That paint was in a shocking state before! but amazing transformation


----------



## G105ALY (Dec 6, 2006)

Ouch that was shocking beforehand, now stunning! I will have to pop up to see you Shaun as I am down the road in Guisborough.
Aly


----------



## North east Car Care (Jan 14, 2008)

G105ALY said:


> Ouch that was shocking beforehand, now stunning!
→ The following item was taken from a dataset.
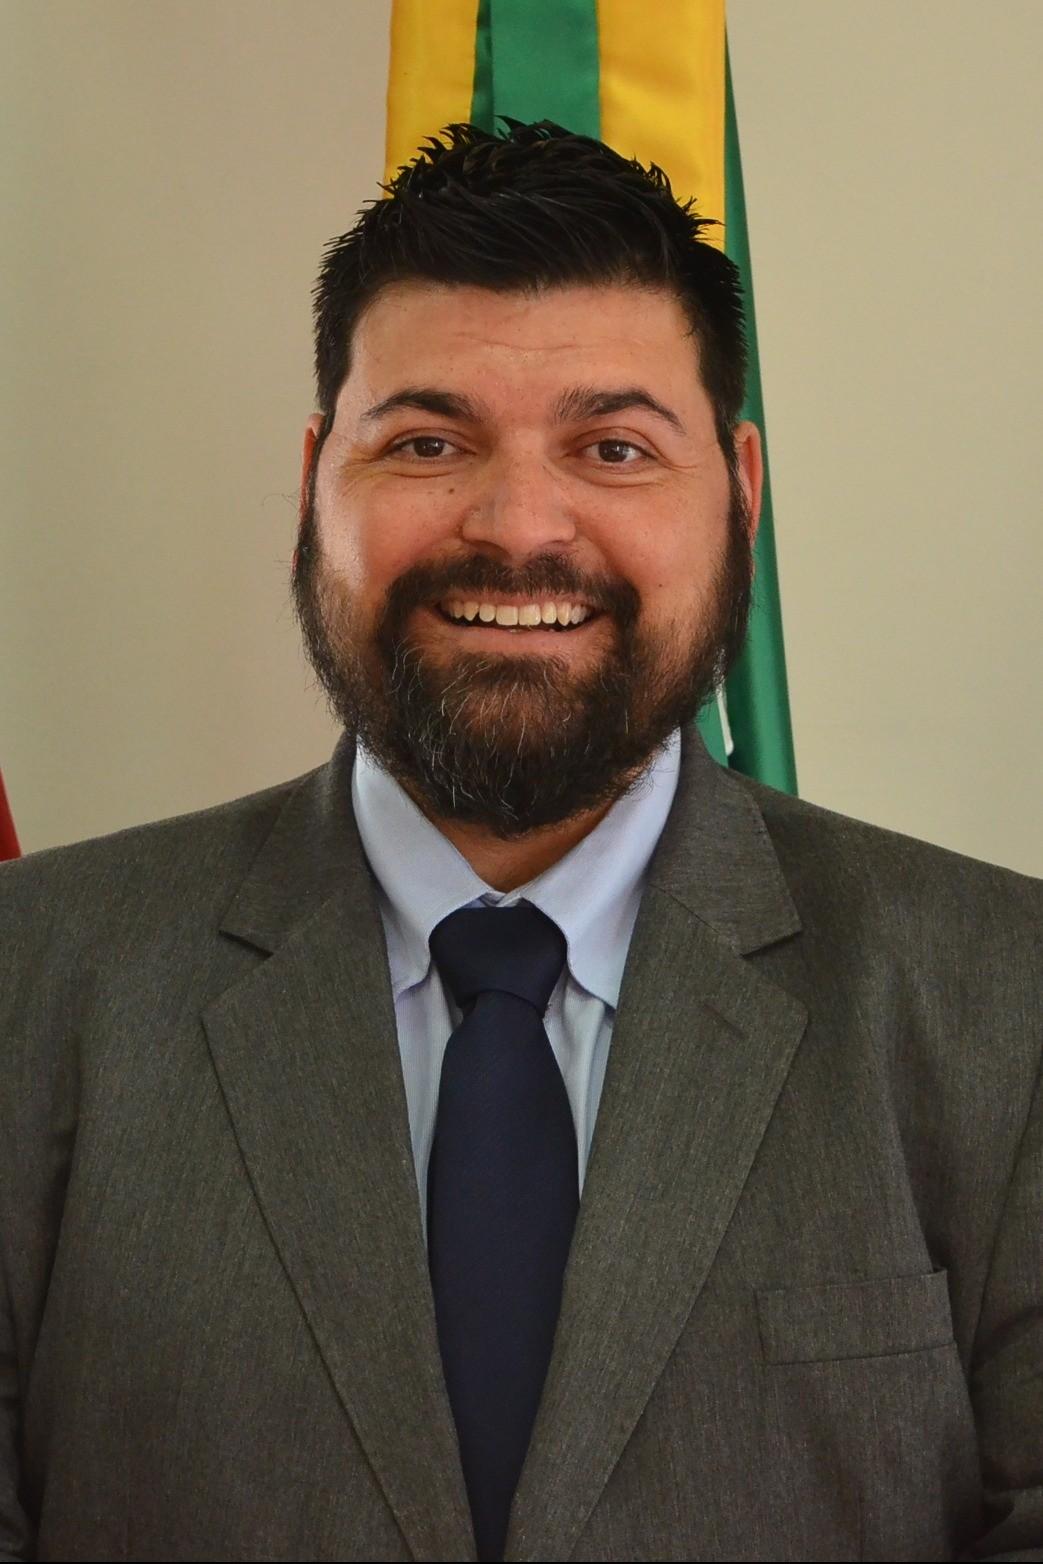 Foto de perfil - Lucas da Costa de Lima

I will have to pop up to see you Shaun as I am down the road in Guisborough.
> Aly


No worries matey


----------



## North east Car Care (Jan 14, 2008)

RefinedDetails said:


> Looks incredible Shaun - I assume the Brooklands Capri is your toy?
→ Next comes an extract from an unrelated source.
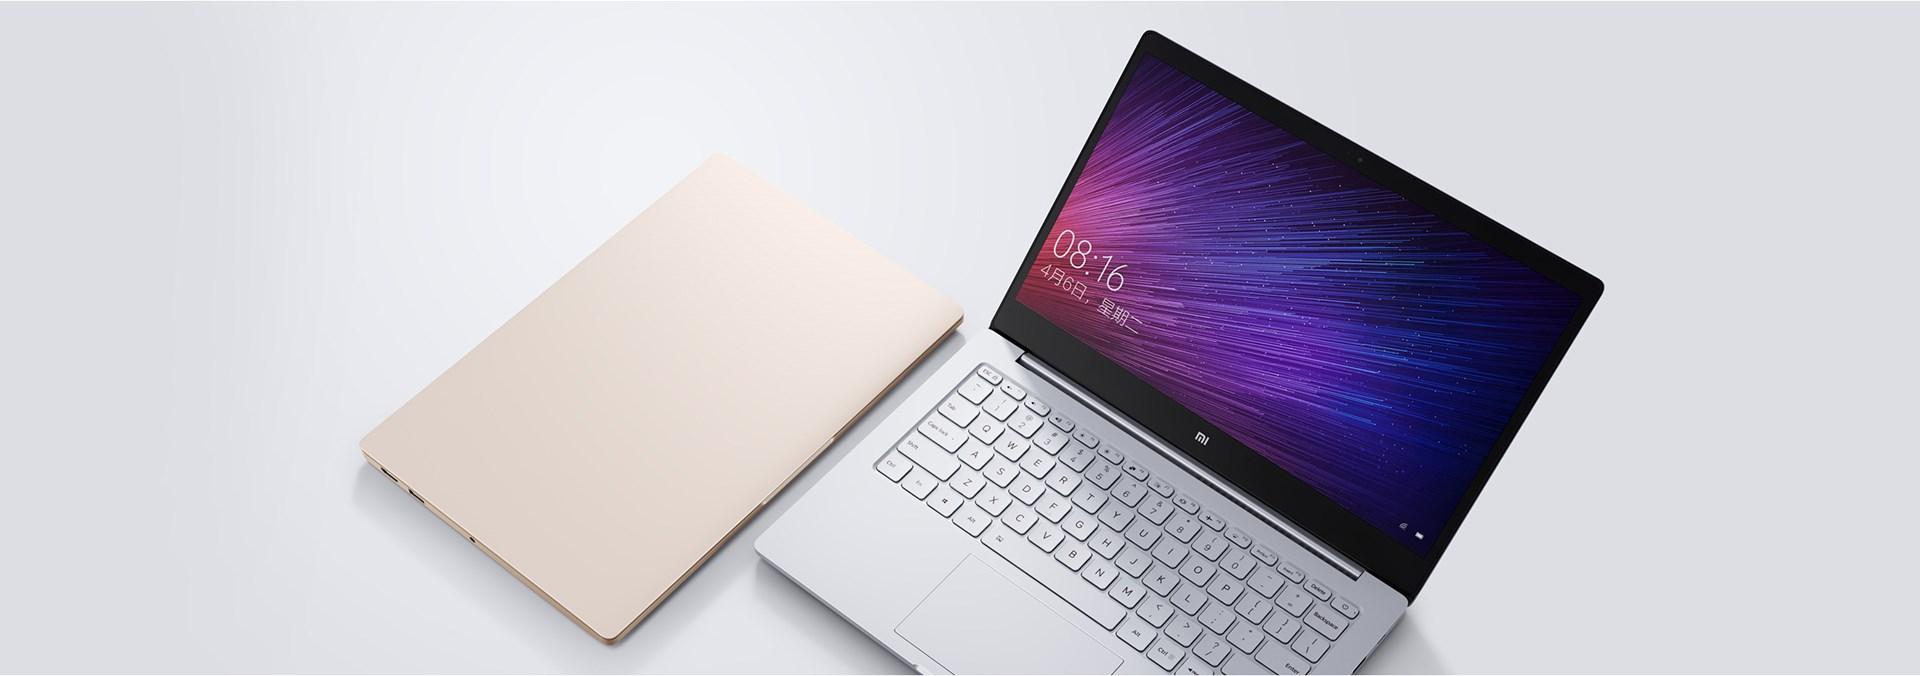 Xiaomi anuncia seus ultrabooks acessíveis

Not mine matey, but i look after the owners ever growing classic ford collection including the Brooklands, Aston Martin Tickford Capri, 2.8i Special Capri, 1.6 Laser Capri and his latest buy a Series 1 RS Turbo :argie:


----------



## Refined Detail (Nov 27, 2006)

Much improved Shaun, hope you're allowed to keep it looking that way now rather than any more hand car washes etc!


----------



## Bkjames (Sep 13, 2006)

Looks very nice, good work :thumb:


Brian


----------



## dekerf1996 (Sep 9, 2008)

Great turnaround, glad to see a car like this get the love it desirves


----------